Arraché subitement à mon environnement empli de fraîcheur, ma tranquillité prend à nouveau fin. Le même rituel, encore et encore, je le sais, va recommencer jusqu’à plus soif. Et dans les heures qui suivent, je subirai leurs desideratas inlassablement, jusqu’au bout de la nuit.
Voilà, je vous l’avais dit, les hostilités ont recommencé ! De leurs mains plus ou moins propres, ils me tripotent, me font glisser entre leurs doigts impatients, sans la moindre considération. Cul par-dessus tête, je garde l’esprit clair, y parviens tant bien que mal puis me laisse aller. Me ressaisir, contrôler la situation. Oui, il le faut ! Difficile pourtant lorsqu’on baigne parmi ses congénères dans un alcool plus ou moins douteux. Mais, je dois encore résister. Je ne peux finir ainsi, dans de pauvres tord-boyaux. Je vaux bien mieux que ça ! Lutter contre les effluves qui m’absorbent inexorablement. C’est là ma seule planche de salut. Je continue mon combat pour la vie et garde la tête hors des émanations alcoolisées. Mais un faux pas et je bois la tasse. Pris de panique, je me sens rétrécir. Non, je ne veux pas mourir ! Je les entends. Je les sens. Ils sont si près. Leurs bouches me sucent. Elles m’engloutissent et m’aspirent. De leurs langues râpeuses, ils me tournent et retournent dans tous les sens. C’est infernal. Je n’en peux plus ! C’est le trou noir. Happé par les flots, j’entends les dernières élucubrations de mes hôtes imbibés jusqu’à la mœlle. Je tente un ultime sursaut. En vain. Je fonds dans l’indifférence générale.

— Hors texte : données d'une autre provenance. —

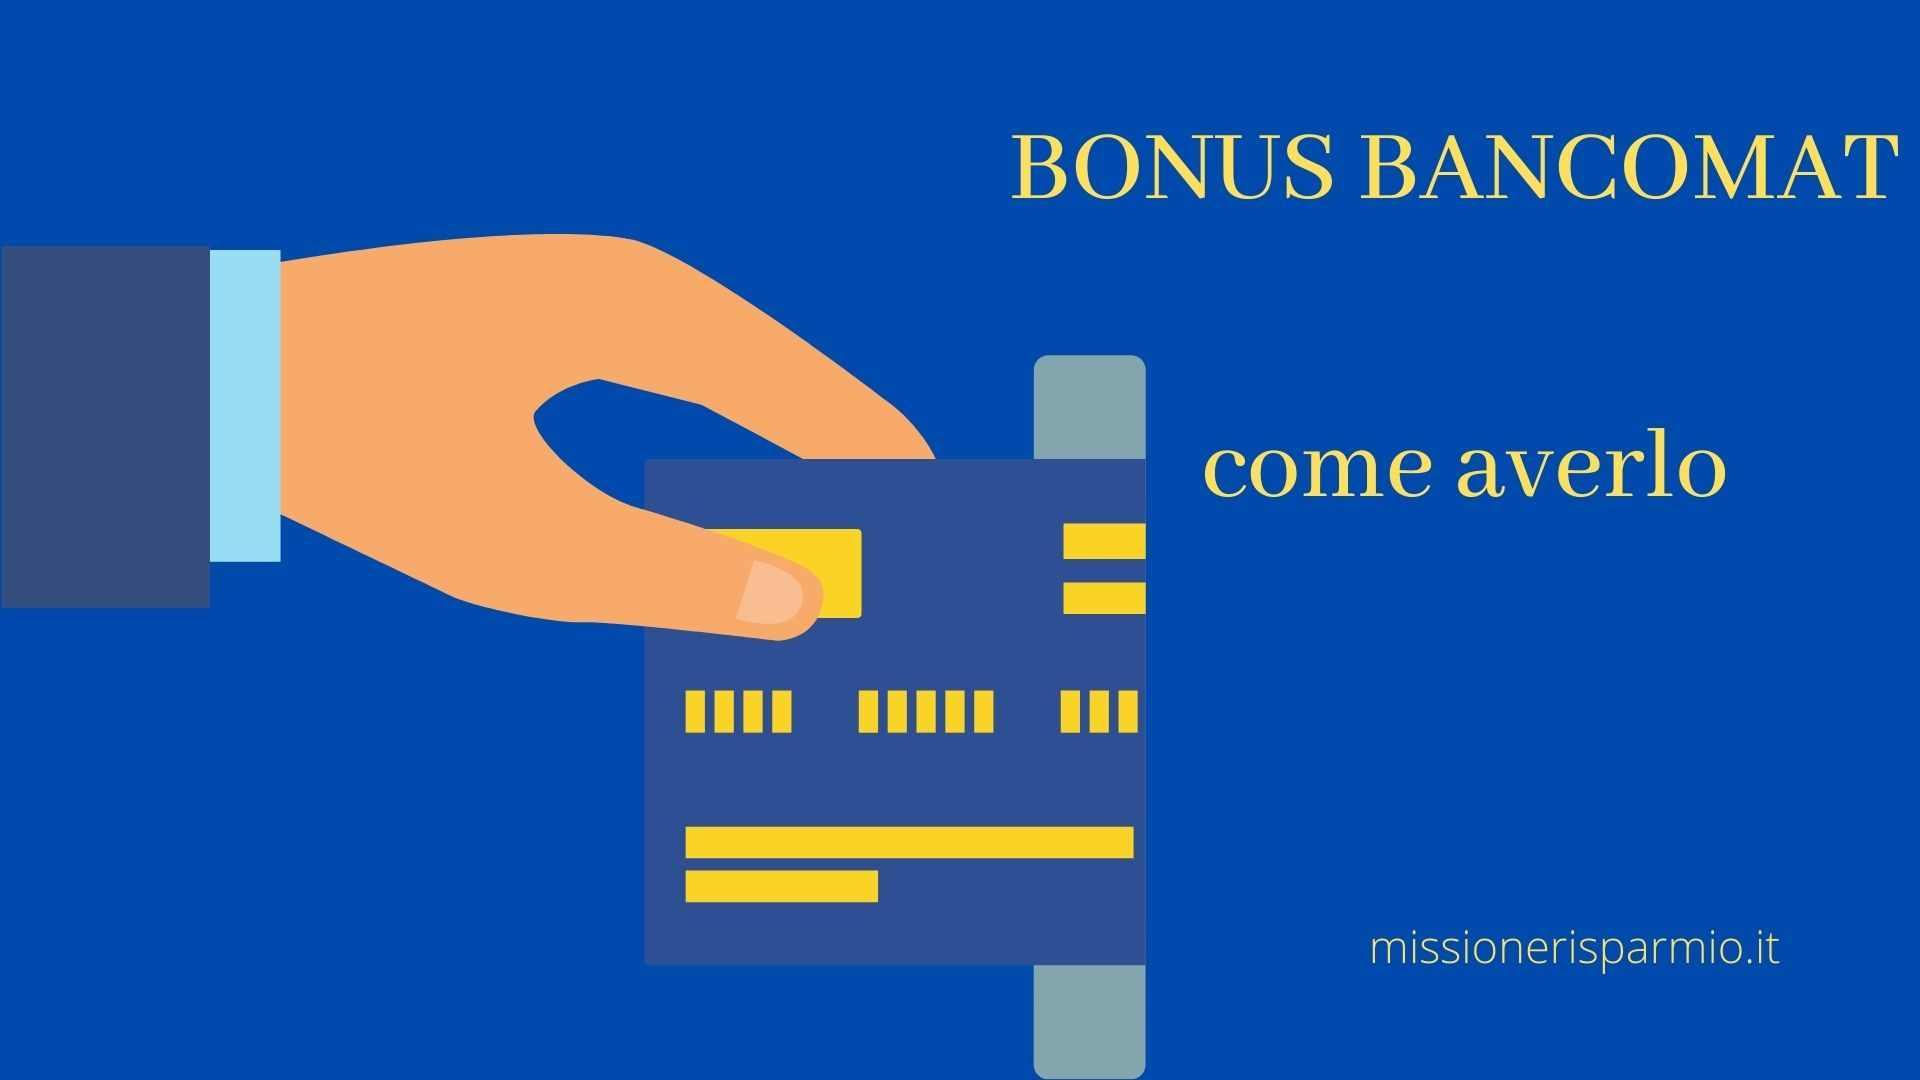 Arriva il Bonus bancomat da 480 euro

Le rideau est tiré. La fête est finie. Tous sont partis dessouler. La maison est vide. Le calme est revenu. Mes propriétaires, Jen et Phil sont vannés. Après avoir refermé le lave-vaisselle, Jen effectue un dernier geste et laisse couler l’eau fraîche du robinet de la cuisine. Elle me replace délicatement dans mon compartiment et referme la porte du congélateur.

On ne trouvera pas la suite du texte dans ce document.